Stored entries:
####

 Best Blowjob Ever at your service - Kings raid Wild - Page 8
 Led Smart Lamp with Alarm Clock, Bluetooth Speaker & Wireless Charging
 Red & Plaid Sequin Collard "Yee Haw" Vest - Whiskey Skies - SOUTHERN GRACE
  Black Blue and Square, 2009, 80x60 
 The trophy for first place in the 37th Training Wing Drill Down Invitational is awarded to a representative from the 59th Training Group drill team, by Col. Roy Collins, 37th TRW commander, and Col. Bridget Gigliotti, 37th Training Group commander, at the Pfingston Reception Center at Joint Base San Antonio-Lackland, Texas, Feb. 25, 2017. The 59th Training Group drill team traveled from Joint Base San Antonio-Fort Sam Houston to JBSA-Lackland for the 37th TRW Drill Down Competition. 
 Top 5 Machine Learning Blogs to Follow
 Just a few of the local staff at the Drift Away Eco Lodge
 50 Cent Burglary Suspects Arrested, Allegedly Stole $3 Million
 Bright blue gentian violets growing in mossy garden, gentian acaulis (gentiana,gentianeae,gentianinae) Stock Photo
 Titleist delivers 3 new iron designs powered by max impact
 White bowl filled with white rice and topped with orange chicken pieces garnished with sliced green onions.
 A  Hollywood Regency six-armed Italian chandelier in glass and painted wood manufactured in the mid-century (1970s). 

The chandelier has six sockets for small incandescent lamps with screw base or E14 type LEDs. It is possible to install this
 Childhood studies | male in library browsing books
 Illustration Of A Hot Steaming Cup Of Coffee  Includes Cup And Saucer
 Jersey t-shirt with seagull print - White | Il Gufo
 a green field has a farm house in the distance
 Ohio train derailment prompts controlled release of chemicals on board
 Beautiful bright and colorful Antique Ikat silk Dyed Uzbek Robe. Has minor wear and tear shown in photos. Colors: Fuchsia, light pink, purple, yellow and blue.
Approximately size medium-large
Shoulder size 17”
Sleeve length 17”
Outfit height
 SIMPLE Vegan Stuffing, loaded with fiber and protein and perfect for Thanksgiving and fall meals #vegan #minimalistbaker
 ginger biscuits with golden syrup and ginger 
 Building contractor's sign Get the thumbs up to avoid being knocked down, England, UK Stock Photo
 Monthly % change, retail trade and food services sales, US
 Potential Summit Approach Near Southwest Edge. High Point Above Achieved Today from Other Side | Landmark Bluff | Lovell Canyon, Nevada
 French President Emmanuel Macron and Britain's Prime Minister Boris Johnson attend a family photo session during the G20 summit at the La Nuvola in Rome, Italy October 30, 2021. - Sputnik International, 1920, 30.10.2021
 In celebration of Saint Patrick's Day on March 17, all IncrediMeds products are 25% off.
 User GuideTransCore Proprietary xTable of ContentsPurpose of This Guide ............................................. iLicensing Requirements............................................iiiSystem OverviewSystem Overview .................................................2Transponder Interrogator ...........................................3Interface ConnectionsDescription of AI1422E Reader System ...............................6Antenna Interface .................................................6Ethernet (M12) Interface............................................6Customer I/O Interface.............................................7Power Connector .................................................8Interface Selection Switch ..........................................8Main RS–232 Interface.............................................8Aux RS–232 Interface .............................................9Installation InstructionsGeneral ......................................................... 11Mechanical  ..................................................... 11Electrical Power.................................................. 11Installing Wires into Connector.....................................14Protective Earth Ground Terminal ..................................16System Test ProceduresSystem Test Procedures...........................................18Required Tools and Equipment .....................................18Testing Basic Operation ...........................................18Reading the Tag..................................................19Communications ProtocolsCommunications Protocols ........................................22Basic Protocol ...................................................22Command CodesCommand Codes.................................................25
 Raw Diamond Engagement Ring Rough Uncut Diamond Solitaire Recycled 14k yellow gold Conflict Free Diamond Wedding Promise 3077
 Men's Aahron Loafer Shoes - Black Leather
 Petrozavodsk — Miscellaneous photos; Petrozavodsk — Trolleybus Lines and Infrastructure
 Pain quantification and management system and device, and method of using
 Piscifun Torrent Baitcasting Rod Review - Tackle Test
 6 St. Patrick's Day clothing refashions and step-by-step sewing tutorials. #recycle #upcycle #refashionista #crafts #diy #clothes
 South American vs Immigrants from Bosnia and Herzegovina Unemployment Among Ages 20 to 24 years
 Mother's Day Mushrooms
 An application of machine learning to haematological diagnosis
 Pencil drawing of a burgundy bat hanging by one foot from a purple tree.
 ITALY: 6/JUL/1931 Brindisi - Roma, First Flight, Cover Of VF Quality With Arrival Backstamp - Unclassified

####

- **ACTIVITY**: Every record above needs to be given again exactly.

- **ANSWER TO THE EXERCISE**:
 Best Blowjob Ever at your service - Kings raid Wild - Page 8
 Led Smart Lamp with Alarm Clock, Bluetooth Speaker & Wireless Charging
 Red & Plaid Sequin Collard "Yee Haw" Vest - Whiskey Skies - SOUTHERN GRACE
  Black Blue and Square, 2009, 80x60 
 The trophy for first place in the 37th Training Wing Drill Down Invitational is awarded to a representative from the 59th Training Group drill team, by Col. Roy Collins, 37th TRW commander, and Col. Bridget Gigliotti, 37th Training Group commander, at the Pfingston Reception Center at Joint Base San Antonio-Lackland, Texas, Feb. 25, 2017. The 59th Training Group drill team traveled from Joint Base San Antonio-Fort Sam Houston to JBSA-Lackland for the 37th TRW Drill Down Competition. 
 Top 5 Machine Learning Blogs to Follow
 Just a few of the local staff at the Drift Away Eco Lodge
 50 Cent Burglary Suspects Arrested, Allegedly Stole $3 Million
 Bright blue gentian violets growing in mossy garden, gentian acaulis (gentiana,gentianeae,gentianinae) Stock Photo
 Titleist delivers 3 new iron designs powered by max impact
 White bowl filled with white rice and topped with orange chicken pieces garnished with sliced green onions.
 A  Hollywood Regency six-armed Italian chandelier in glass and painted wood manufactured in the mid-century (1970s). 

The chandelier has six sockets for small incandescent lamps with screw base or E14 type LEDs. It is possible to install this
 Childhood studies | male in library browsing books
 Illustration Of A Hot Steaming Cup Of Coffee  Includes Cup And Saucer
 Jersey t-shirt with seagull print - White | Il Gufo
 a green field has a farm house in the distance
 Ohio train derailment prompts controlled release of chemicals on board
 Beautiful bright and colorful Antique Ikat silk Dyed Uzbek Robe. Has minor wear and tear shown in photos. Colors: Fuchsia, light pink, purple, yellow and blue.
Approximately size medium-large
Shoulder size 17”
Sleeve length 17”
Outfit height
 SIMPLE Vegan Stuffing, loaded with fiber and protein and perfect for Thanksgiving and fall meals #vegan #minimalistbaker
 ginger biscuits with golden syrup and ginger 
 Building contractor's sign Get the thumbs up to avoid being knocked down, England, UK Stock Photo
 Monthly % change, retail trade and food services sales, US
 Potential Summit Approach Near Southwest Edge. High Point Above Achieved Today from Other Side | Landmark Bluff | Lovell Canyon, Nevada
 French President Emmanuel Macron and Britain's Prime Minister Boris Johnson attend a family photo session during the G20 summit at the La Nuvola in Rome, Italy October 30, 2021. - Sputnik International, 1920, 30.10.2021
 In celebration of Saint Patrick's Day on March 17, all IncrediMeds products are 25% off.
 User GuideTransCore Proprietary xTable of ContentsPurpose of This Guide ............................................. iLicensing Requirements............................................iiiSystem OverviewSystem Overview .................................................2Transponder Interrogator ...........................................3Interface ConnectionsDescription of AI1422E Reader System ...............................6Antenna Interface .................................................6Ethernet (M12) Interface............................................6Customer I/O Interface.............................................7Power Connector .................................................8Interface Selection Switch ..........................................8Main RS–232 Interface.............................................8Aux RS–232 Interface .............................................9Installation InstructionsGeneral ......................................................... 11Mechanical  ..................................................... 11Electrical Power.................................................. 11Installing Wires into Connector.....................................14Protective Earth Ground Terminal ..................................16System Test ProceduresSystem Test Procedures...........................................18Required Tools and Equipment .....................................18Testing Basic Operation ...........................................18Reading the Tag..................................................19Communications ProtocolsCommunications Protocols ........................................22Basic Protocol ...................................................22Command CodesCommand Codes.................................................25
 Raw Diamond Engagement Ring Rough Uncut Diamond Solitaire Recycled 14k yellow gold Conflict Free Diamond Wedding Promise 3077
 Men's Aahron Loafer Shoes - Black Leather
 Petrozavodsk — Miscellaneous photos; Petrozavodsk — Trolleybus Lines and Infrastructure
 Pain quantification and management system and device, and method of using
 Piscifun Torrent Baitcasting Rod Review - Tackle Test
 6 St. Patrick's Day clothing refashions and step-by-step sewing tutorials. #recycle #upcycle #refashionista #crafts #diy #clothes
 South American vs Immigrants from Bosnia and Herzegovina Unemployment Among Ages 20 to 24 years
 Mother's Day Mushrooms
 An application of machine learning to haematological diagnosis
 Pencil drawing of a burgundy bat hanging by one foot from a purple tree.
 ITALY: 6/JUL/1931 Brindisi - Roma, First Flight, Cover Of VF Quality With Arrival Backstamp - Unclassified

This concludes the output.